Don't Follow the Same Go-To-Market Strategy as Everyone Else!
And more advice from Sapna Shah, Angel Investor and Founder of Retail X Series. Retail X Series is an ecosystem for retail startups with educational events featuring founders, funders & experts for pre-seed stage founders (B2B, DTC, and marketplaces) who are revolutionizing the future of retail. Covering topics like customer acquisition, financial modeling, fundraising, and more.
1.Don't follow the same go-to-market strategy as everyone else!
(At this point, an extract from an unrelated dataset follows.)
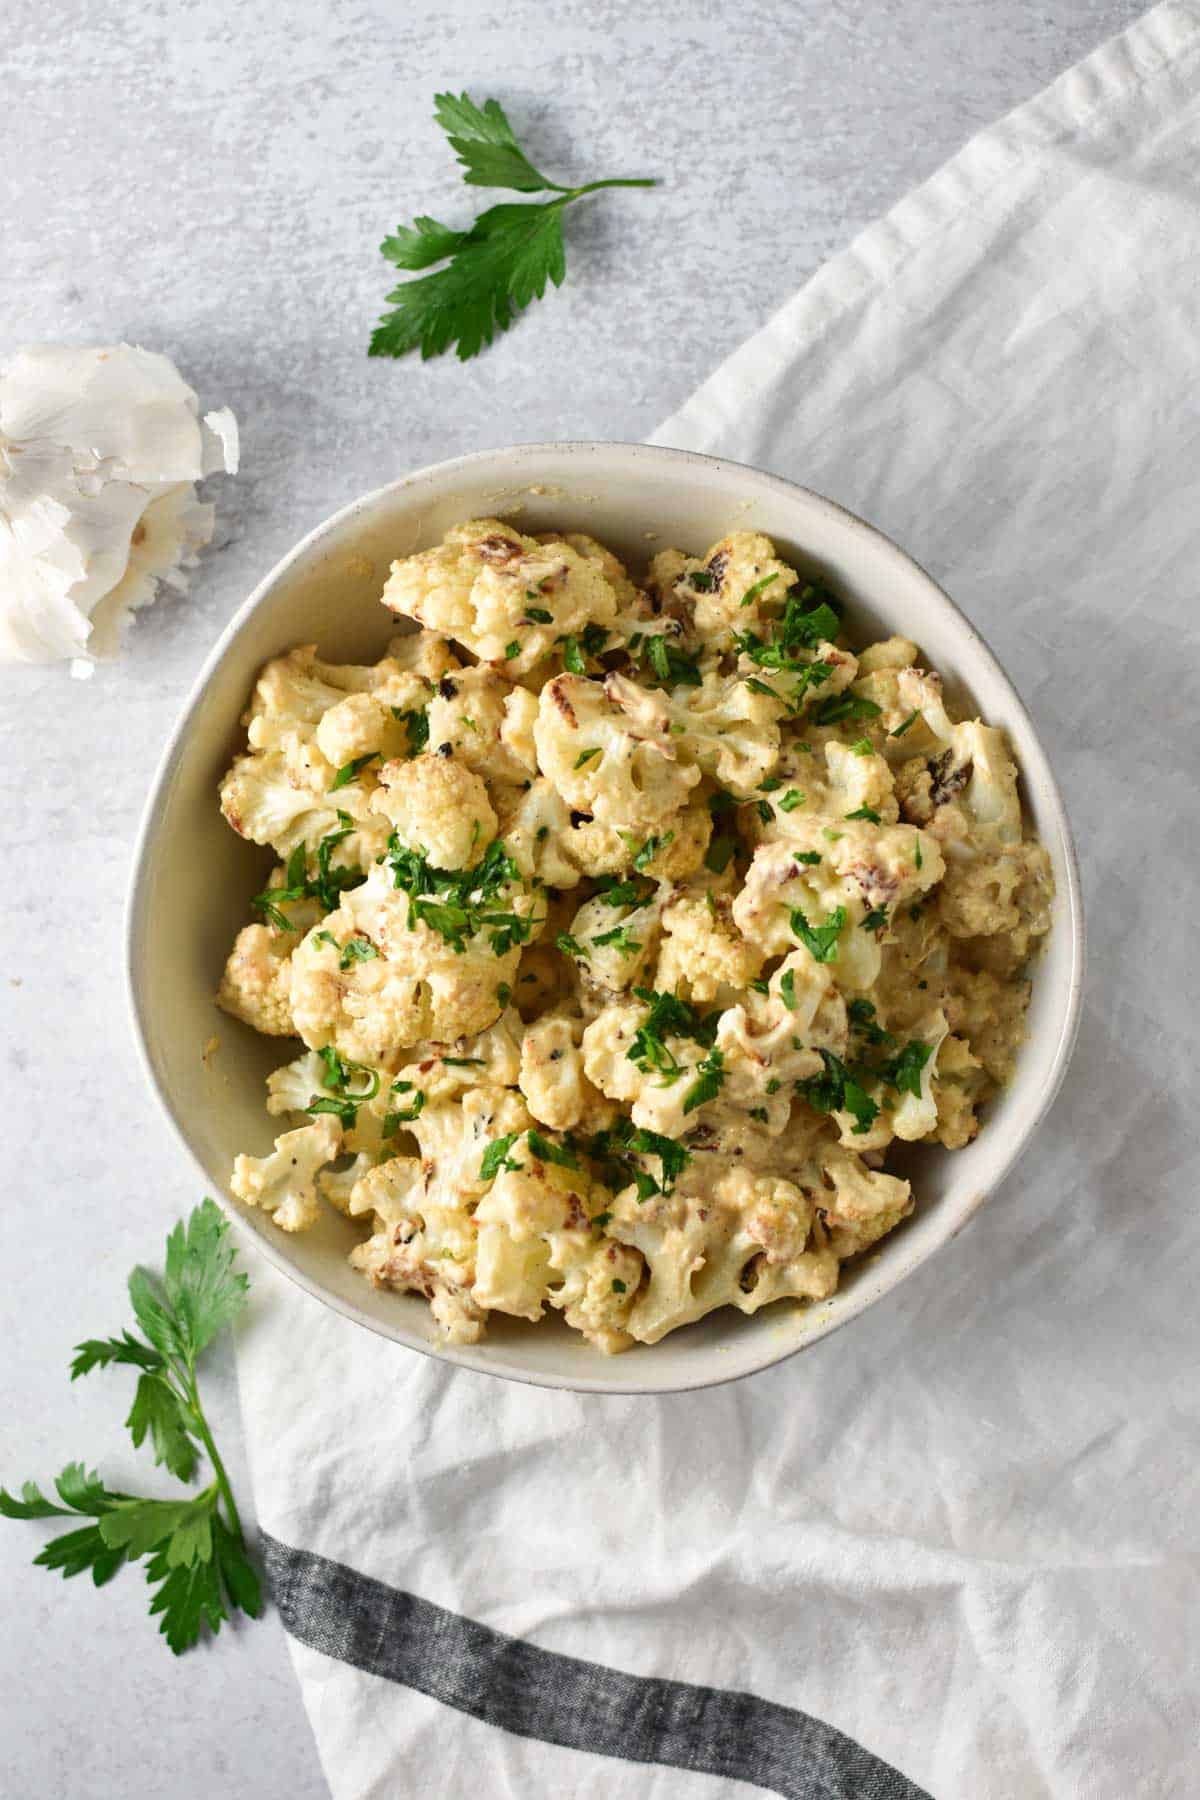 Creamy roasted cauliflower coated in a cheese sauce topped with parsley next to a garlic clove and white napkin.

The biggest mistake I see in consumer products and services and consumer tech, especially at pre-seed, is that the slide for go-to-market strategy is almost always the same. They often include an influencer strategy, paid acquisition via Google/Facebook, and organic outreach on college campuses, for example. And, that's it. You could swap out that slide from one company to another, and it would all look the same! Paid acquisition is so expensive, and it is often not effective. One of the companies that I invested in, Silk and Sonder, started with a physical journaling project. One of the things they found in the early days before raising any money is that people were using the journals not as they expected. There were all these interesting use cases like moms managing children with auto-immune issues. They figured it out because they had a closed Facebook group. People started talking about how journaling helped them, and it created this massive customer acquisition competitive advantage. Instead of targeting coastal Millennial women that every startup was targeting, they have this complete other strategy that people were using their product in a way that they didn't anticipate. I wrote the first check in the preseed round because I saw the value in having this particular cohort that could be easily targeted that other brands were not connecting to in those ways.
2.Get to the Decision Maker as fast as you can!
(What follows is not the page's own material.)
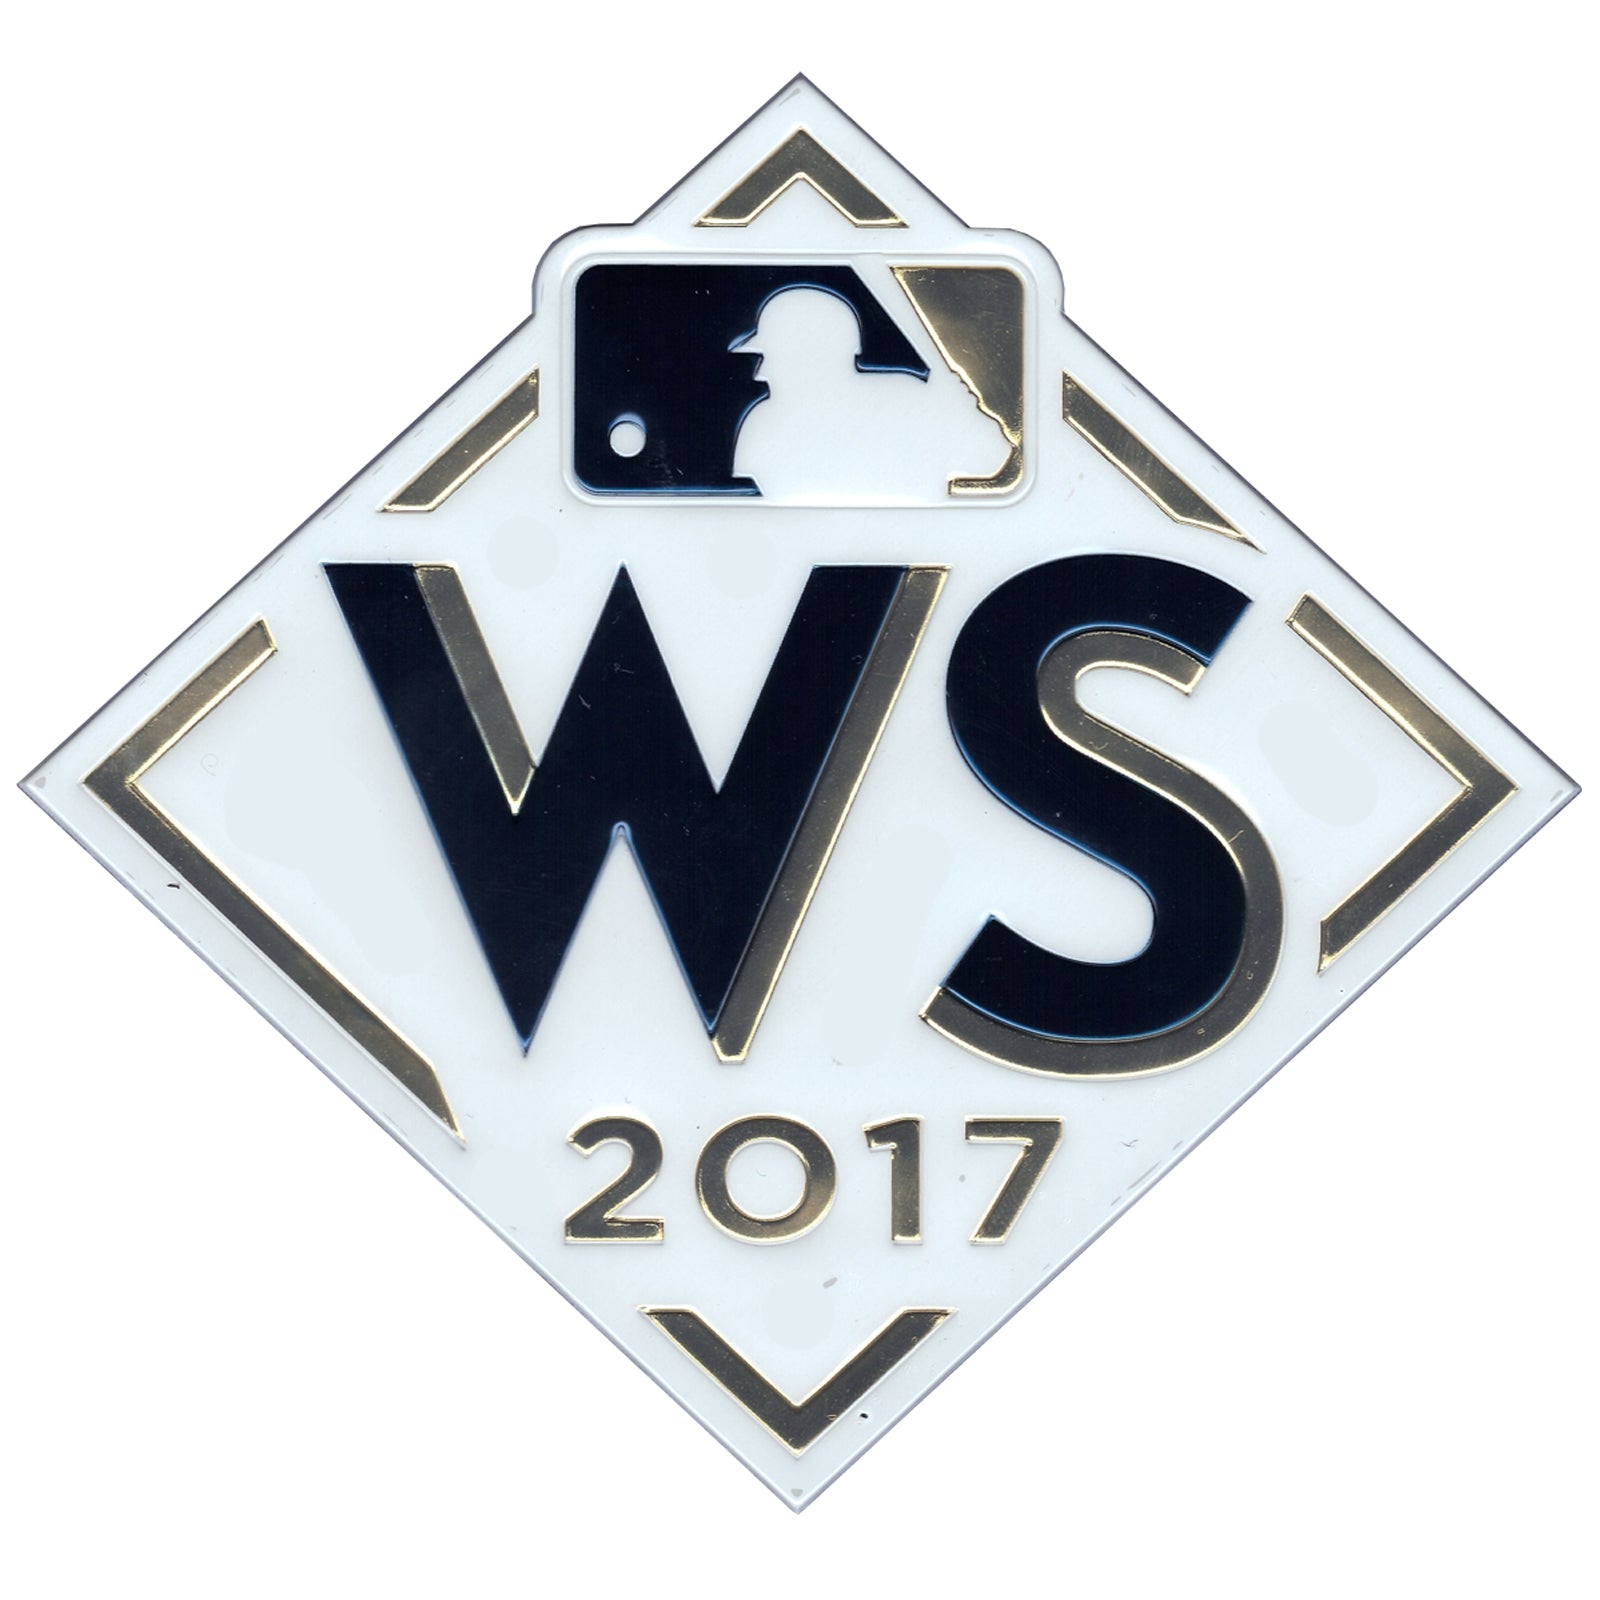 World Series jersey patches, New patches. #WorldSeries, By Los Angeles  Dodgers

On the retail tech front, If you don't understand who you are selling to and how they will buy at a larger company, it is a huge uphill battle. That is the thing that I am always looking for when looking to invest in a company. Have you talked to potential customers? Who would be the buyer of this tech or product? Is it the tech team who will be buying, or is it a whole group of people? These legacy retailers like Nordstrom or Macy's have always been set up in a very different way as compared to companies today. E-commerce is in a different group than people who run stores. Those types of learnings take a while for early-stage startups to figure out, especially if they don't come from the industry. Many people think, "well, this is a great solution and companies need this." Or they have only talked to one company and then realize that each will be a little different. The ones who succeed find the fastest way to get to these decision-makers.
3.When building a marketplace site, you need to have a customer acquisition strategy for both sides!
Most startups are focused on the supply-side of the market at pre-seed product and service marketplaces because they don't have anything else. All of the deck is focused on the supply side. Just because you build it, they are not necessarily going to come. That is the mistake I see in early marketplace decks. They are so excited by the problem they will solve for all these vendors but are not focused on the consumer side. The companies are more concerned with building a brand. They will have difficulty succeeding if they don't have a customer acquisition strategy in place at the start.